Пашка невольно ухмыльнулся, вспомнил недавнее, мол, слышал о таком…

– Так вот он им отбил у медведя безмозглого бедолагу. У того два пальца на руке осталось. В горячке ржет, радуется, что жив остался, вопит: «Я шофер! Мне и двух хватит за баранку держаться!» Ну, дальше «скорая» и пинка под зад. Безано под локоток и в прокуратуру вместе с инспектором манежа и инженером по технике безопасности. Таких случаев – пруд пруди… Цирк – это ведь весело! Все легко и просто. Мишки косолапые, обезьянки почти игрушечные – смешные! Люди – улю-лю, усю-сю… Фотографируются, руки протягивают. Я каждый раз съеживался, когда видел, как в антракте или перед представлением обезьянки сидели на плечах у зрителей, часто детей, и фотографировались. По большому счету это риск. Обезьяна, она паникерша. Малейший непривычный звук, и она вцепится в то, что рядом. Это и на манеже с дрессировщиками происходит, и со зрителями. Правда, слава Богу, редко. Зубы у них видел? Обезьянки… Самое страшное животное после медведя. У них трупный яд на клыках. Любой укус – страшная штука! Вплоть до ампутации. Медведя – того не поймешь, в каком он настроении. Все время нужно быть на стреме, особенно, когда он стареет. Цирк… Это еще то «веселое дело»…

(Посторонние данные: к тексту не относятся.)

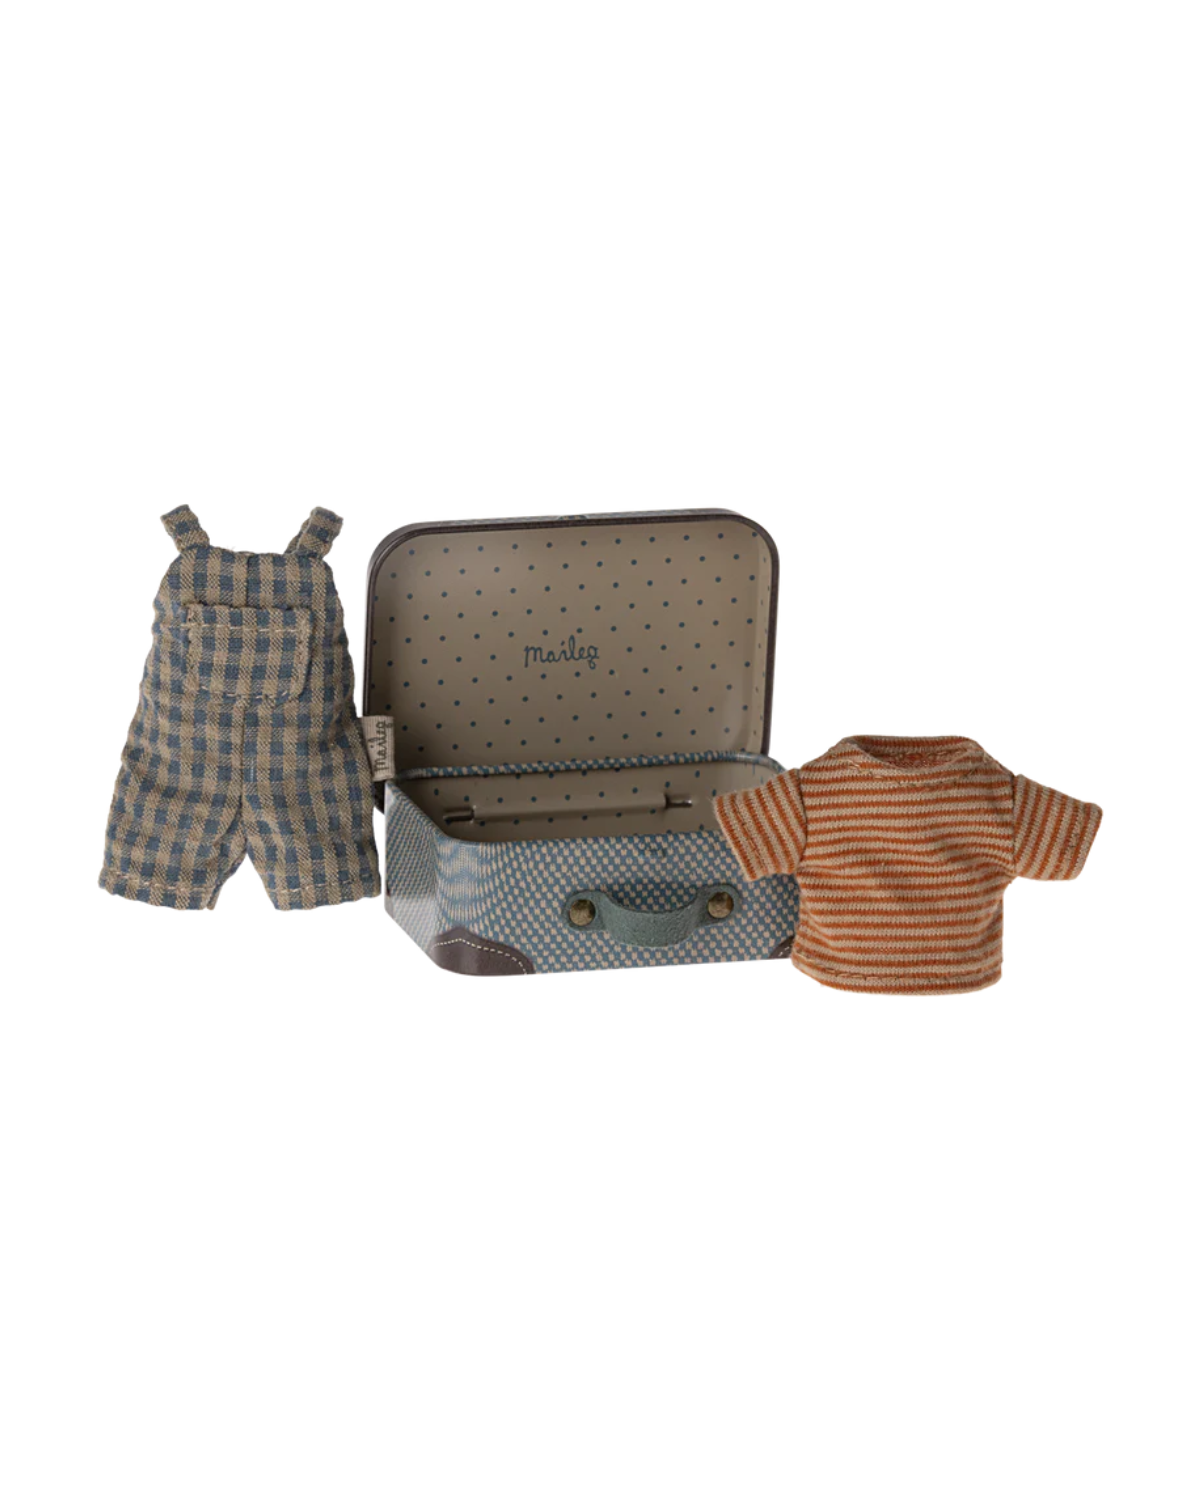 Maileg Big Brother Mouse Overalls & Shirt in Suitcase: Dollhouse Wardrobe

Пашка поежился. Вспомнил события последних дней.

– Что, Маленькая Жара? Дал я тебе жару! Напугал? То-то…

– Дядь Жень! Я уже понял – вы любитель темку затронуть! Рассказы у вас что надо, по погоде… Можно вас попросить об одолжении?

– Денег нет! Но всегда есть в продаже свежие советы. Страна такая…

– Я не об этом. Не зовите меня, пожалуйста, Маленькой Жарой. Ну, какой я маленький! У нас в цирке так лилипутов зовут, чтобы не обижать. Во мне все-таки метр восемьдесят шесть. Из ваших уст это звучит как насмешка, к тому же в женском роде…

– Жара она и есть Жара, хоть маленькая, хоть большая. Хоть в женском роде, хоть в мужском. Я и так каждый раз вздрагиваю, когда слышу твой голос, словно Пашка вернулся с того света. Да ты, собственно, и вернулся. Полная копия! Аж страшно делается…

Пашка Жарких снова сидел посреди Старого Арбата в брезентовом кресле. Вокруг серым гулким потоком текла людская река, в основном из приезжих. У художника работы не было. Да, видимо, он сегодня и не рвался к стахановскому перевыполнению плана. Скорее, даже наоборот. Ему было спокойно. И хорошо. Напротив сидел его цирковой собрат. Пусть молодой, еще малознакомый, но все равно, как привет из прошлого…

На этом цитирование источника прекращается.